题目链接
这个任务一共有六个小任务,在Problem 1前的三段代码是预处理图片的代码,分别用于载入需要的库、在相应网址中下载训练集的压缩包、解压压缩包,编译的时候直接把三段代码复制下来即可完成所有预备工作,解压花的时间会多一点,别强行终止程序就是了,如果强行终止,第二次再运行会出error。运行成功后会显示如下代码:
Found and verified .\notMNIST_large.tar.gz
Found and verified .\notMNIST_small.tar.gz
.\notMNIST_large already present - Skipping extraction of .\notMNIST_large.tar.gz.
['.\\notMNIST_large\\A', '.\\notMNIST_large\\B', '.\\notMNIST_large\\C', '.\\notMNIST_large\\D', '.\\notMNIST_large\\E', '.\\notMNIST_large\\F', '.\\notMNIST_large\\G', '.\\notMNIST_large\\H', '.\\notMNIST_large\\I', '.\\notMNIST_large\\J']

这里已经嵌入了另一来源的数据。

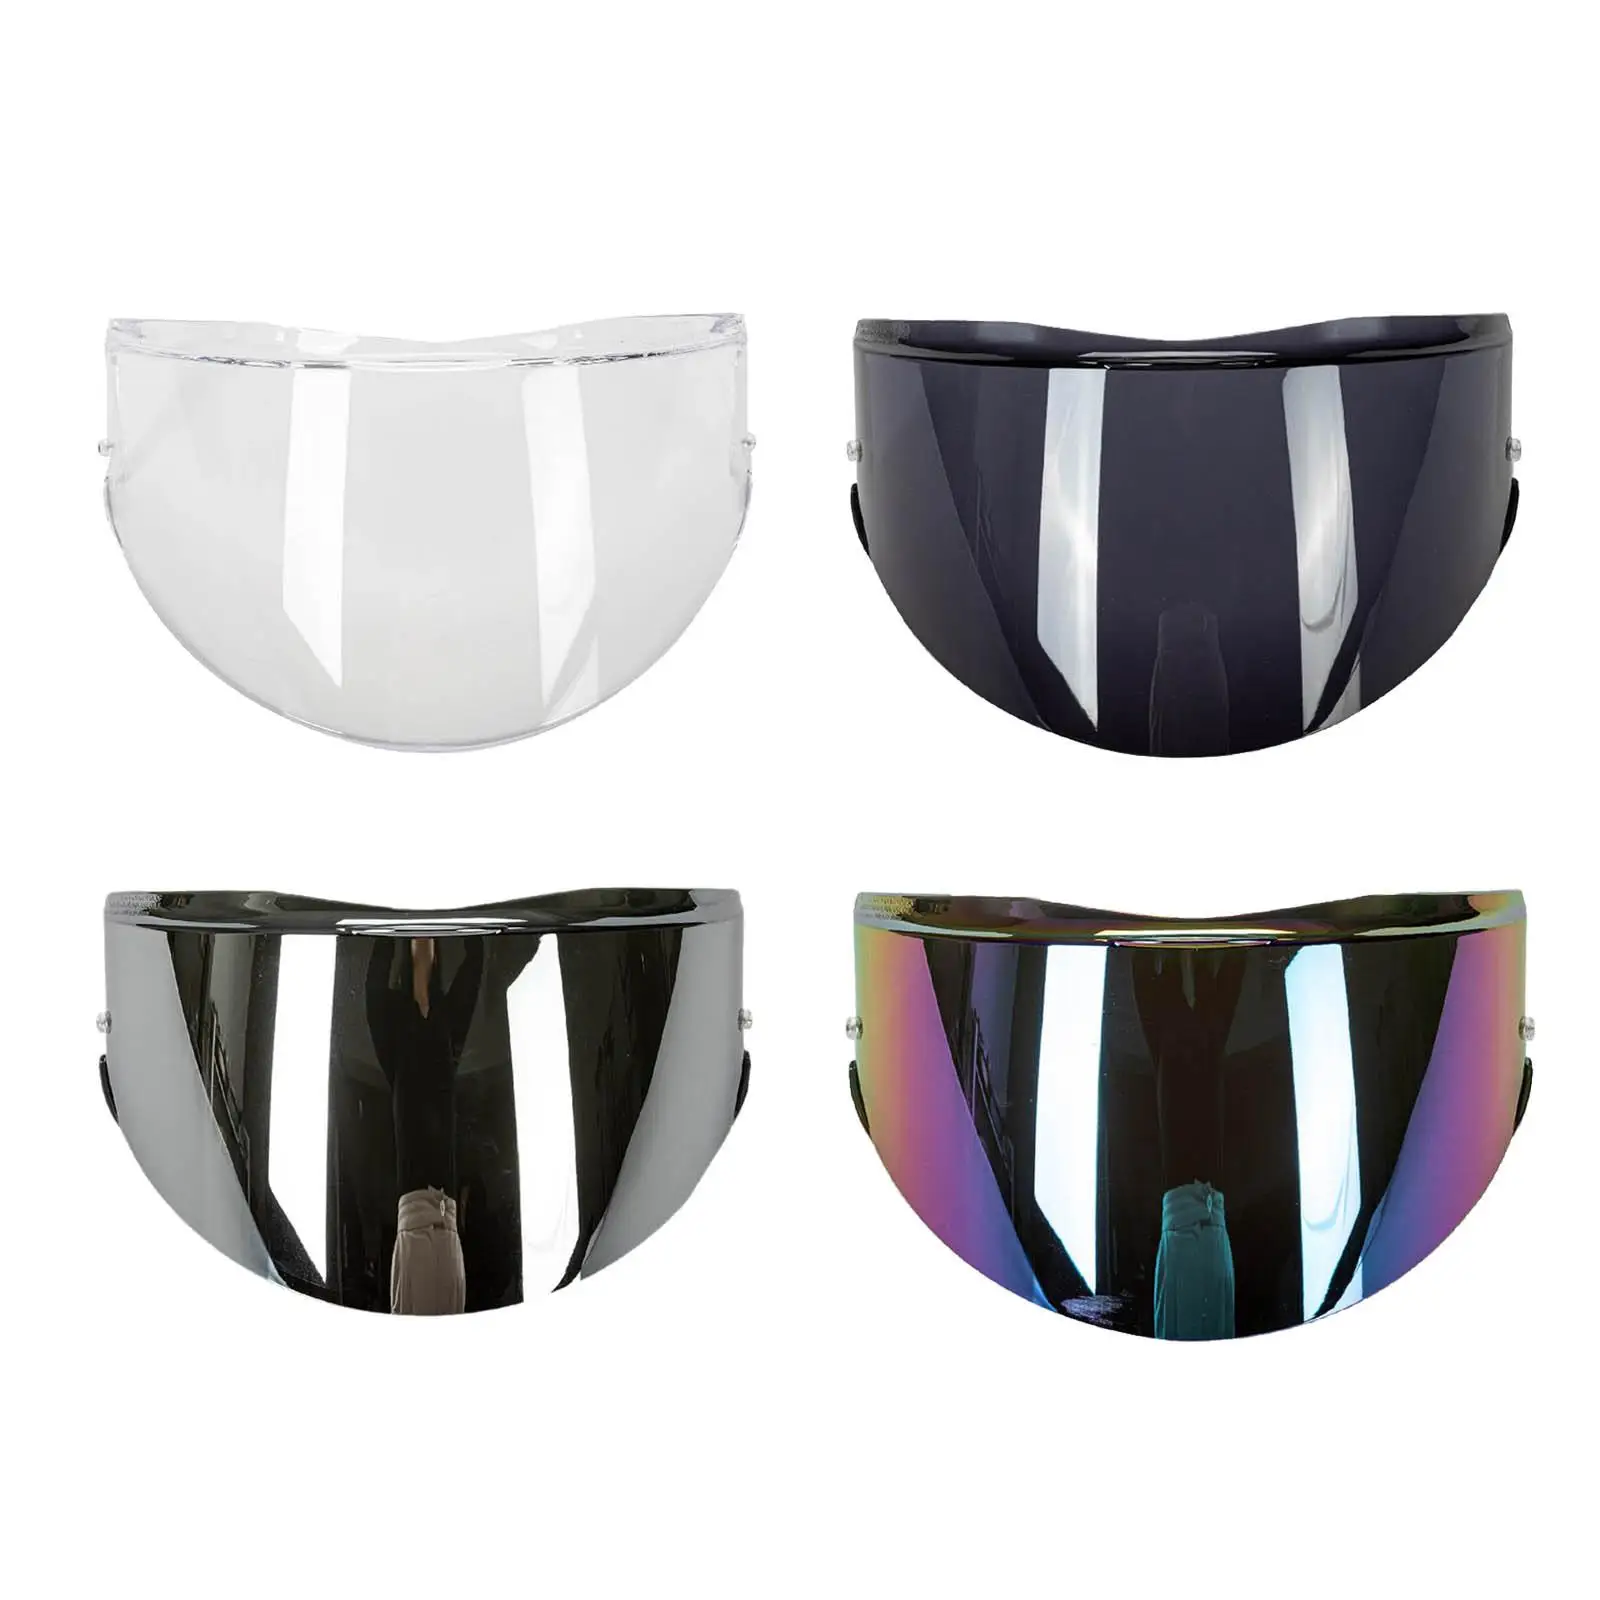 

Motorcycle Helmet Lens Visor Shield Protective Cover Helmet Visor Replace Parts for LS2 FF399 Cycle Supplies Strong Durable

.\notMNIST_small already present - Skipping extraction of .\notMNIST_small.tar.gz.
['.\\notMNIST_small\\A', '.\\notMNIST_small\\B', '.\\notMNIST_small\\C', '.\\notMNIST_small\\D', '.\\notMNIST_small\\E', '.\\notMNIST_small\\F', '.\\notMNIST_small\\G', '.\\notMNIST_small\\H', '.\\notMNIST_small\\I', '.\\notMNIST_small\\J']
Problem1.就是让我们写代码把一些图片展示出来,博主不会写把展示一堆图片的,菜哭寄几呜呜呜:
from PIL import Image
#圆括号里是路径+图片名,记得不要用反斜杠表示目录之间的关系,要用正斜杠,反斜杠是个转义字符(可能是吧哈哈哈)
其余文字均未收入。